In reply to Neil:
> Bit of a hijack here but I've built a cabin on wheels which I power using solar panels and leisure battery, though I'm clueless really as to electrical stuff. I'm interested in the calculations you use there as I'm finding that the battery I have in the hut doesn't last as long as I thought it should.
Look up Peukert effect. Leisure battery ratings assume about 0.1C discarge rate, if you draw more than that the capacity diminishes. Your solar panels (unless of course you have them metered and you're counting charge in) probably aren't delivering anything like the power on their rating plate for a variety of reasons.

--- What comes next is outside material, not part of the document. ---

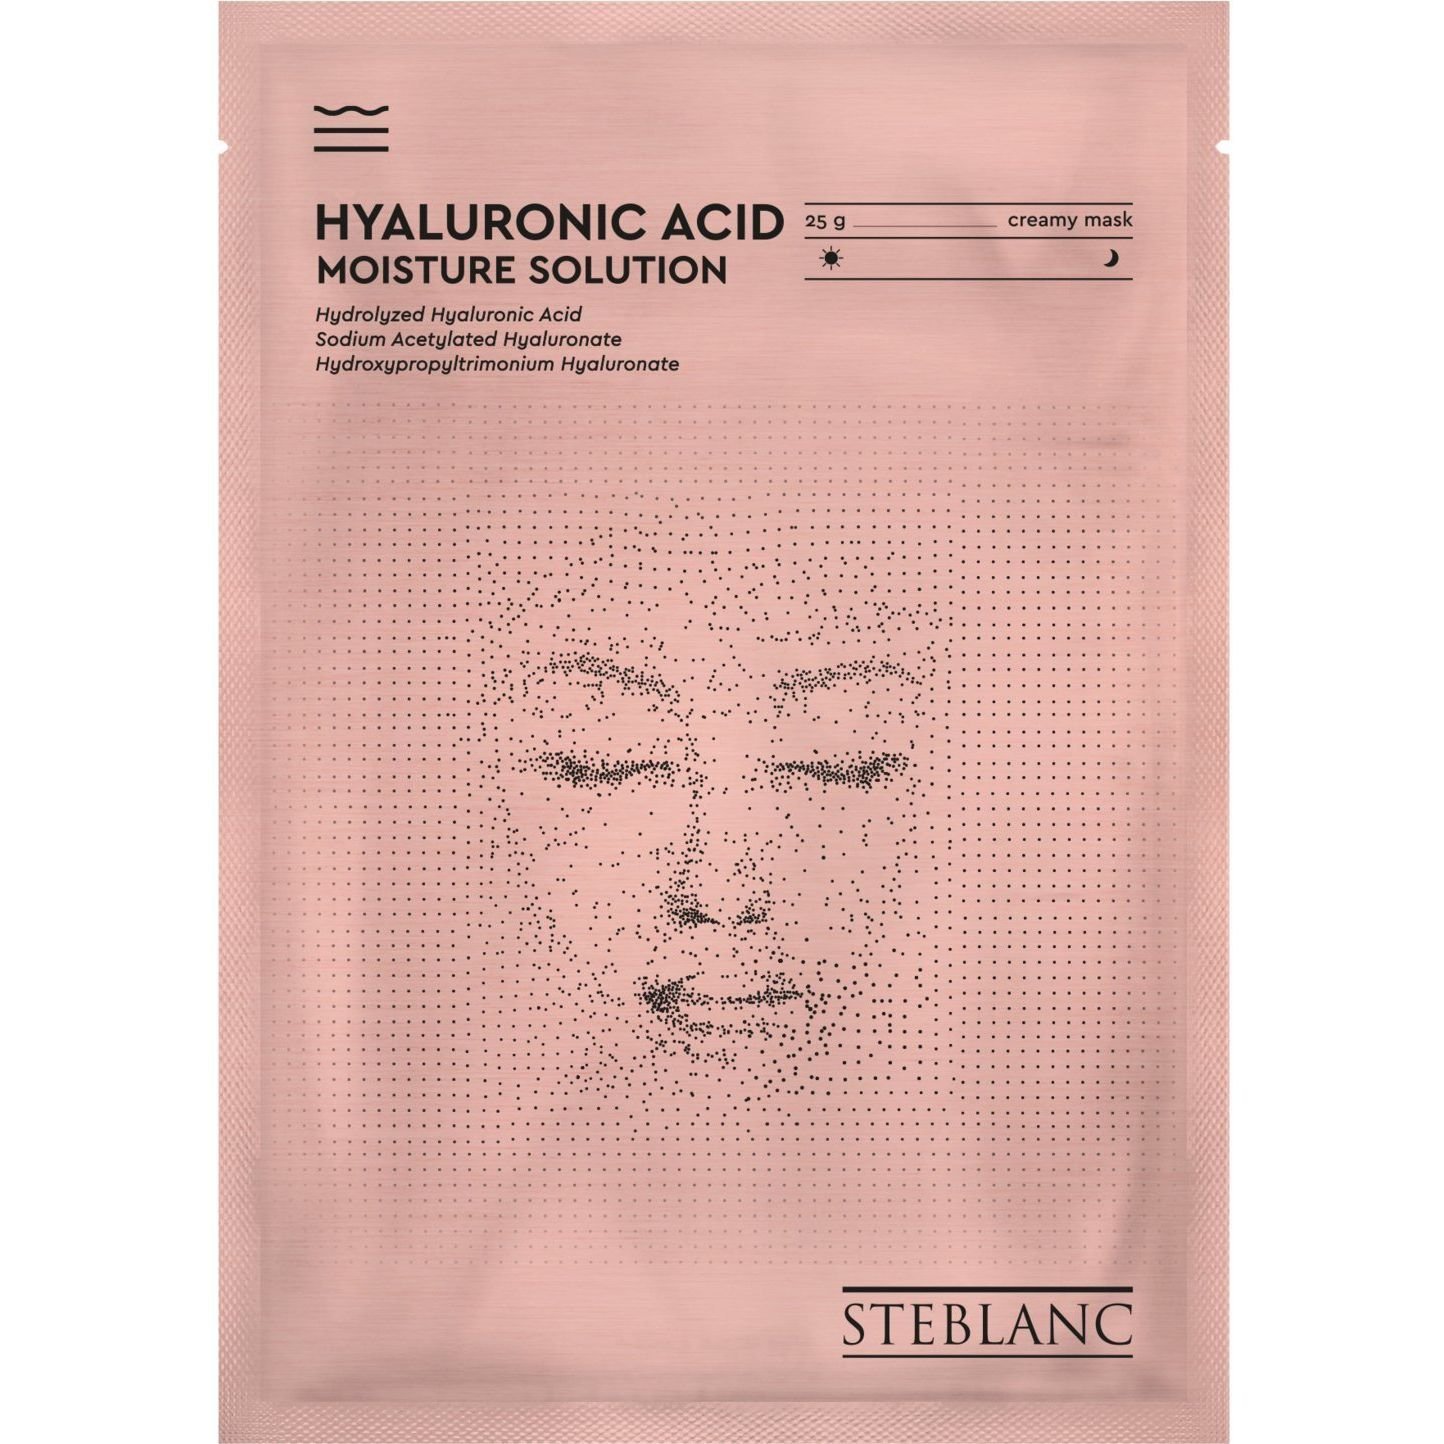 Тканевая крем-маска для лица Steblanc Hyaluronic Acid Moisture Solution Увлажняющая с гиалуроновой кислотой, 25 г - фото 1

> 100W solar panel charges a 115Ah leisure battery via a charge controller. This then kicks out 12V to an 240V invertor which is connected to an RCB then into the circuit in the hut (twin sockets and a couple of 6W LED lamps). The charge controller will charge the battery up to ~14V and let it drop to ~10V to protect against it discharging to deeply. What calculations should I be doing to find the amount of time I can have the lights on for (and maybe charging a phone too)?
2x6W =12W, at nominally 12V they therefore draw 1A (from P=IV)
Your 115AH battery can deliver 115A for 1H (except it can't, Peukert again)
Or: 1A for 115H
Your inverter is probably 95% efficient (I'm assuming they're 'mains' LEDs
Your LED power supply is probably 95% efficient
Your battery shouldn't routinely deliver more than say 70% of capacity to preserve its performance
From this we get 115H x 0.95 x 0.95* 0.70 = 72H of lighting between charges
Your phone assuming it's HUGE very roughly has a 3V, 4AH battery in it, assuming 100% conversion efficiency it will use 4 x (3/12) = 1AH of your leisure battery's capacity. Even at a pessimistic end to end conversion efficiency of 50% it uses essentially nothing.
HTH,
jk
Post edited at 09:13